#### [Instructions for the task]
Word for word, restate the listing that follows and leave out the images.

#### [Given material]
* * * *

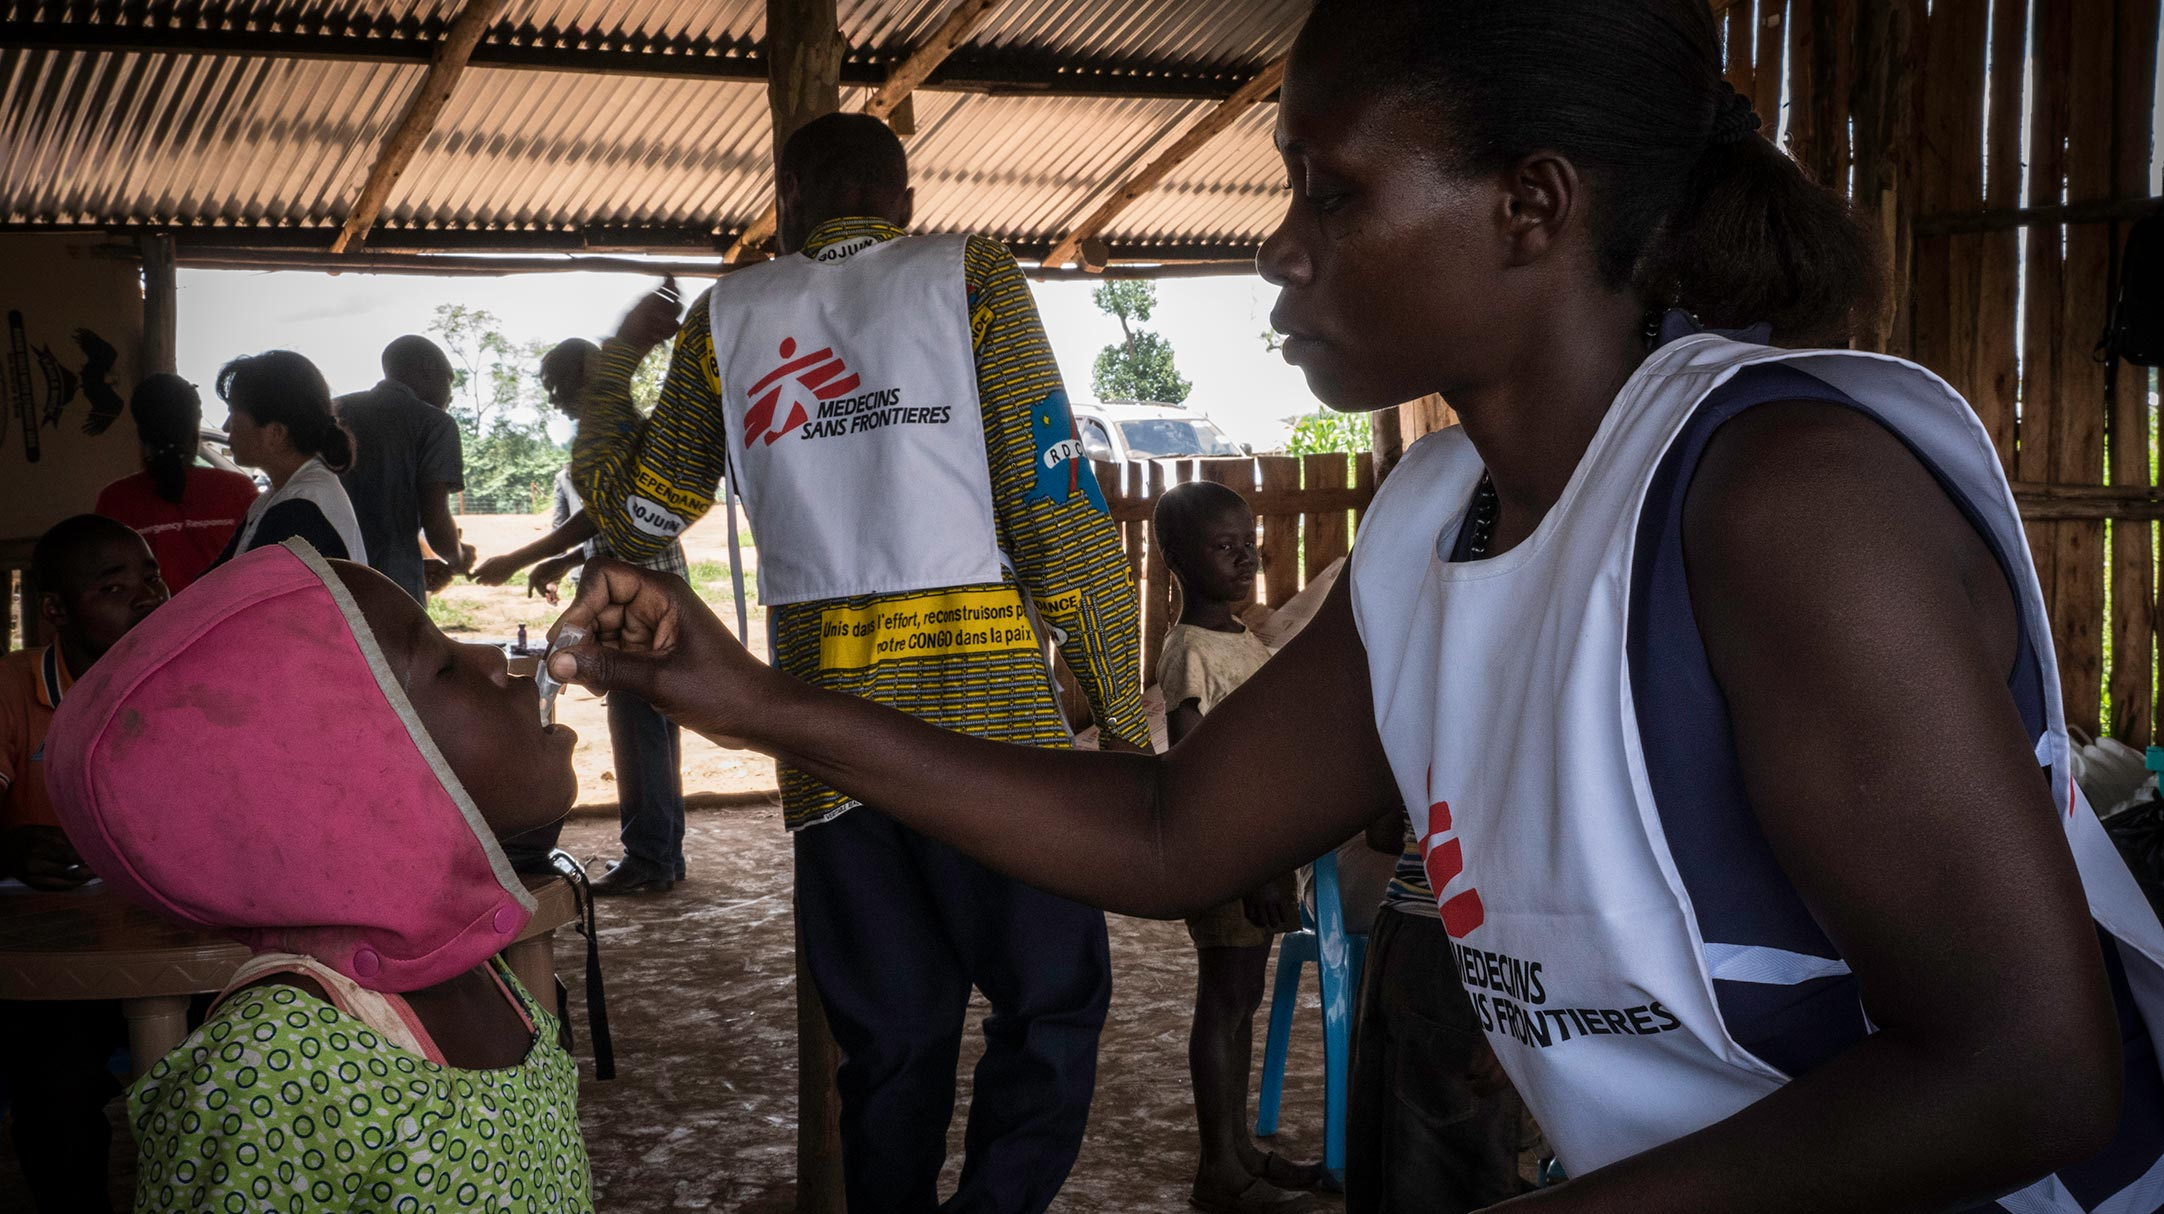 Operatori umanitari di Medici Senza Frontiere durante una campagna di vaccinazione
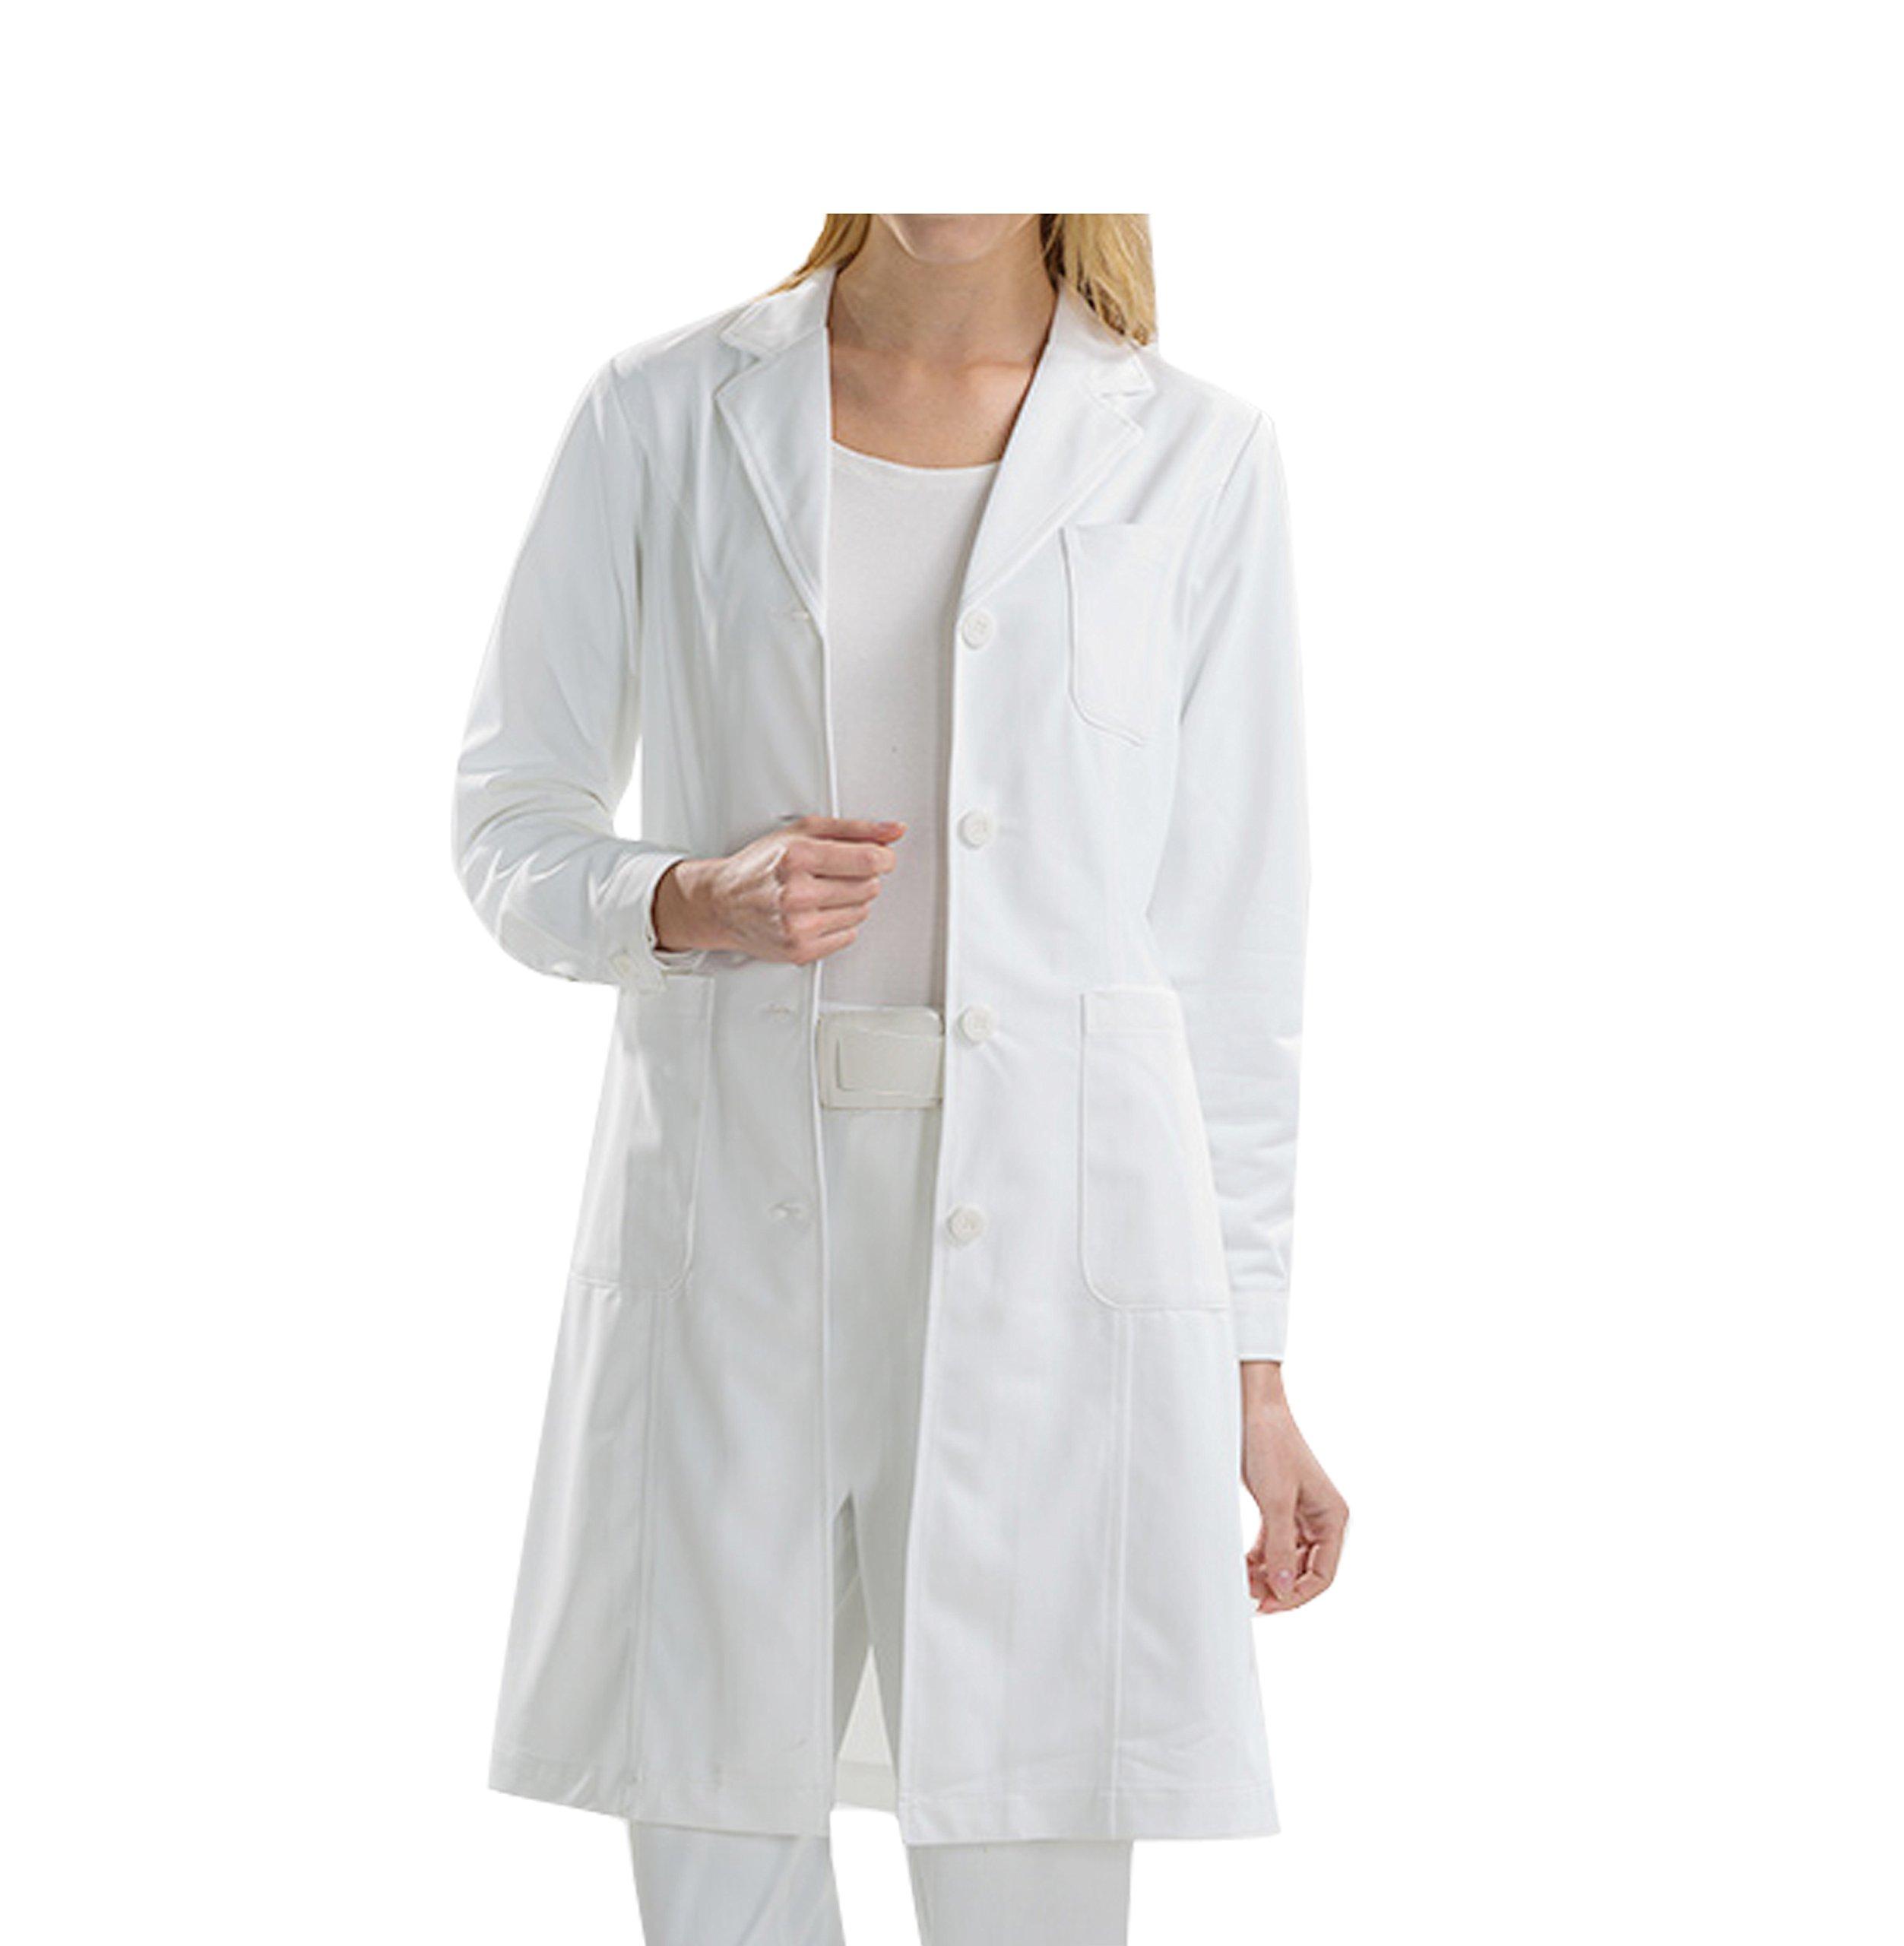 BSTT Women Lab Coat White Medical Uniforms Scrubs-2018 New Improvement Buttoned Sleeves Thick XXL
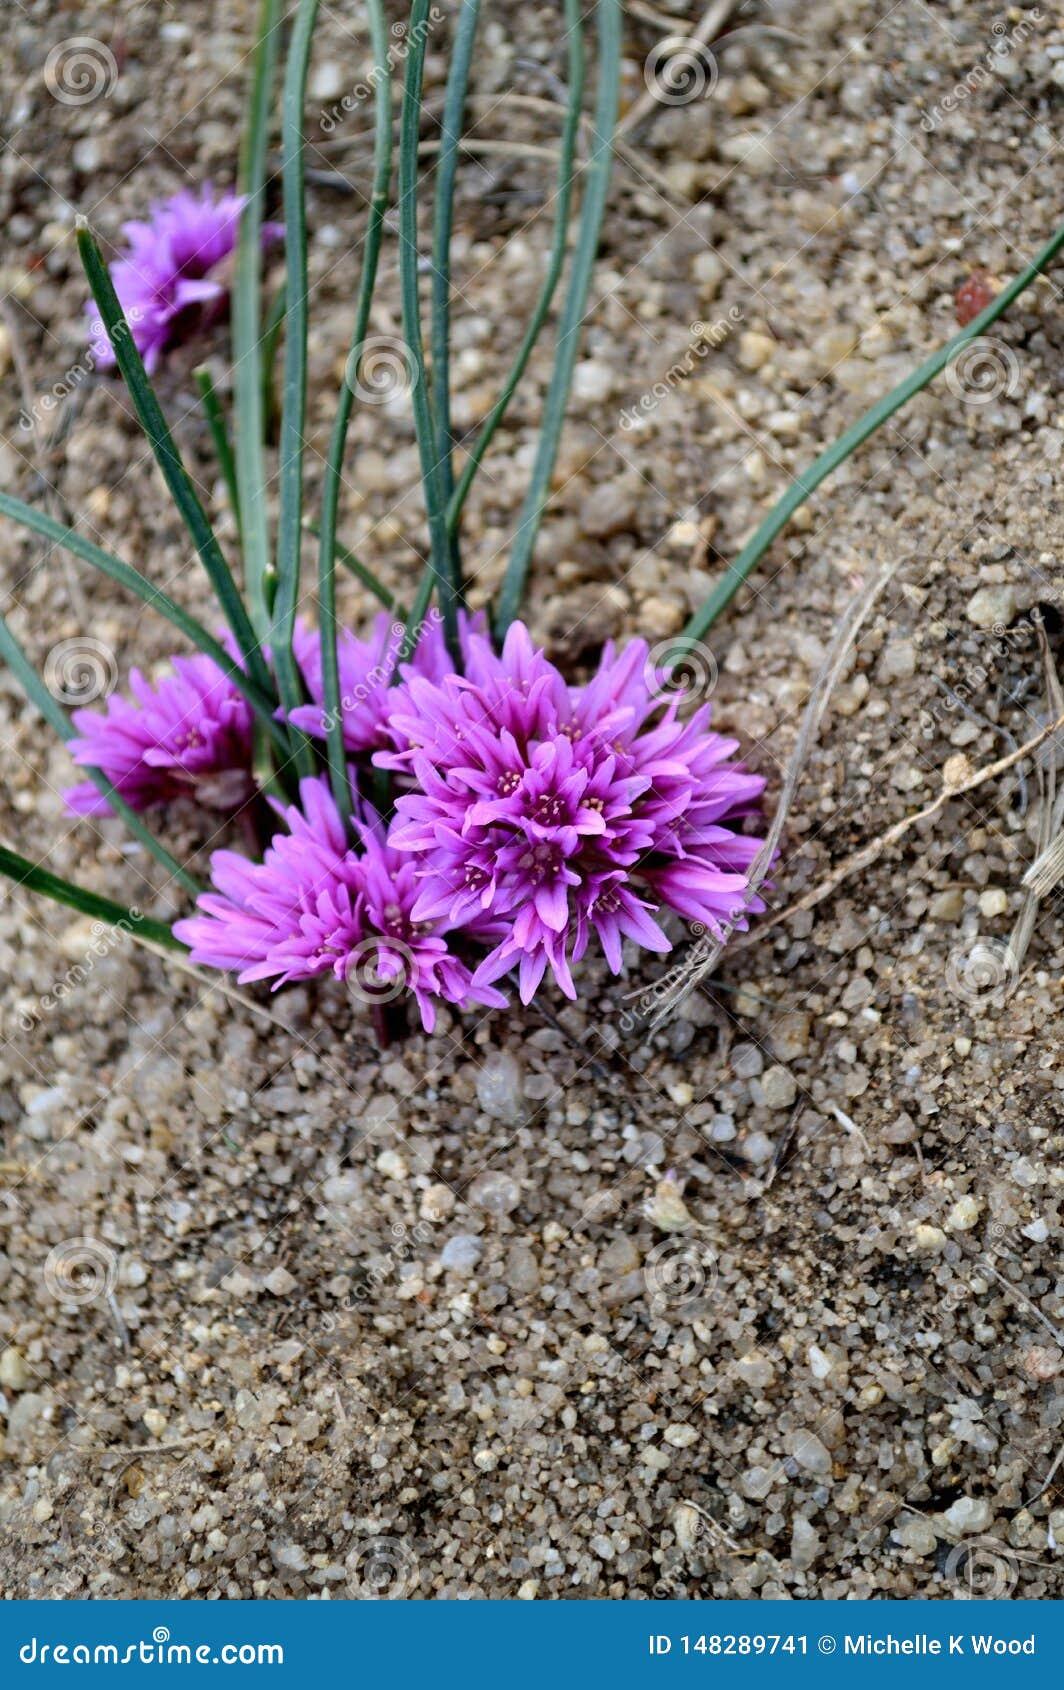 Allium Aaseae rare endangered species native to Idaho

* * * *

#### [Expected output]
 Operatori umanitari di Medici Senza Frontiere durante una campagna di vaccinazione
 BSTT Women Lab Coat White Medical Uniforms Scrubs-2018 New Improvement Buttoned Sleeves Thick XXL
 Allium Aaseae rare endangered species native to Idaho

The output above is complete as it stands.